[webkit-dev] Does NRWT let you indicate that a test should fail with a particular failure diff?

Fri Jul 1 15:37:09 PDT 2011

On Fri, Jul 1, 2011 at 3:24 PM, Darin Fisher <darin at chromium.org> wrote:
> On Fri, Jul 1, 2011 at 3:04 PM, Darin Adler <darin at apple.com> wrote:
>>
>> On Jul 1, 2011, at 2:54 PM, Dirk Pranke wrote:
>>
>> > Does that apply to -expected.txt files in the base directories, or just
>> > platform-specific exceptions?
>>
>> Base directories.
>>
>> Expected files contain output reflecting the behavior of WebKit at the
>> time the test was checked in. The expected result when we re-run a test.
>> Many expected files contain text that says “FAIL” in them. The fact that
>> these expected results are not successes, but rather expected failures does
>> not seem to me to be a subtle point, but one of the basic things about how
>> these tests are set up.
>
> Right, it helps us keep track of where we are, so that we don't regress, and
> only make forward progress.
>
>>
>> > I wonder how it is that I've been working (admittedly, mostly on
>> > tooling) in WebKit for more that two years and this is the first I'm hearing
>> > about this.
>>
>> I’m guessing it’s because you have been working on Chrome.
>>
>> The Chrome project came up with a different system for testing layered on
>> top of the original layout test machinery based on different concepts. I
>> don’t think anyone ever discussed that system with me; I was the one who
>> created the original layout test system, to help Dave Hyatt originally, and
>> then later the rest of the team started using it.
>
> The granular annotations (more than just SKIP) in test_expectations.txt was
> something we introduced back when Chrome was failing a large percentage of
> layout tests, and we needed a system to help us triage the failures.  It was
> useful to distinguish tests that crash from tests that generate bad results,
> for example.  We then focused on the crashing tests first.
> In addition, we wanted to understand how divergent we were from the standard
> WebKit port, and we wanted to know if we were failing to match text results
> or just image results.  This allowed us to measure our degree of
> incompatibility with standard WebKit.  We basically used this mechanism to
> classify differences that mattered and differences that didn't matter.
> I think that if we had just checked in a bunch of port-specific "failure"
> expectations as -expected files, then we would have had a hard time
> distinguishing failures we needed to fix for compat reasons from failures
> that were expected (e.g., because we have different looking form controls).
> I'm not sure if we are at a point now where this mechanism isn't useful, but
> I kind of suspect that it will always be useful.  Afterall, it is not
> uncommon for a code change to result in different rendering behavior between
> the ports.  I think it is valuable to have a measure of divergence between
> the various WebKit ports.  We want to minimize such divergence from a web
> compat point of view, of course.  Maybe the count of SKIPPED tests is
> enough?  But, then we suffer from not running the tests at all.  At least by
> annotating expected IMAGE failures, we get to know that the TEXT output is
> the same and that we don't expect a CRASH.
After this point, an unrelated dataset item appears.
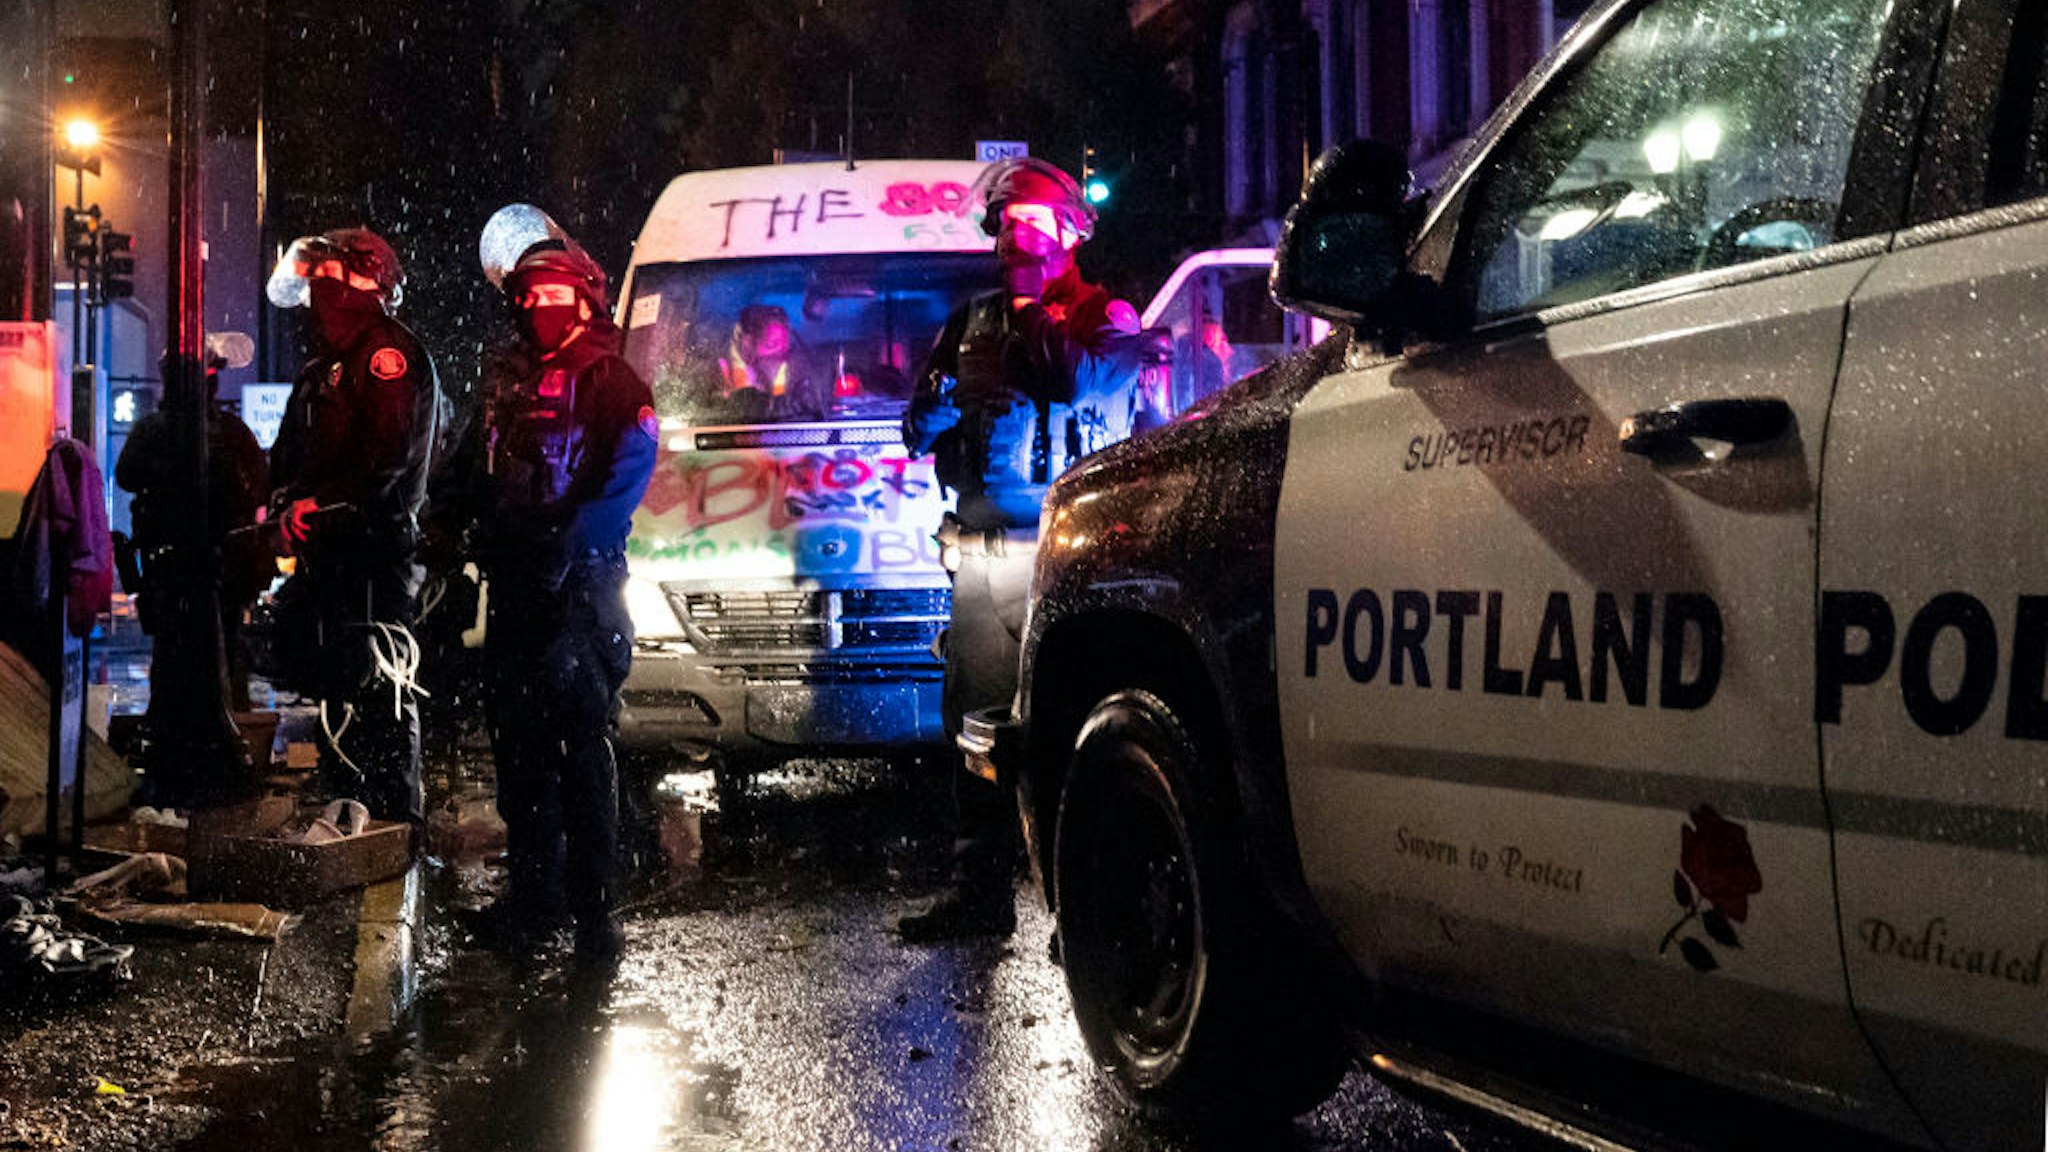 PORTLAND, OR - OCTOBER 11: Police detain passengers in a mutual aid van during an Indigenous Peoples Day of Rage protest on October 11, 2020 in Portland, Oregon. Protesters tore down statues of two U.S. presidents and broke windows out of downtown businesses Sunday night before police intervened. (Photo by Nathan Howard/Getty Images)

There's at least two reasons for divergence .. one is that the port is
actually doing the wrong thing, and the other is that the port is
doing the "right" thing but the output is different anyway (e.g., a
control is rendered differently). We cannot easily separate the two if
we have only a single convention (platform-specific -expected files),
but SKIPPING tests seems wrong for either category.

It seems like -failing gives you the control you would want, no?
Obviously, it wouldn't help the thousands of -expected files that are
"wrong" but at least it could keep things from getting worse.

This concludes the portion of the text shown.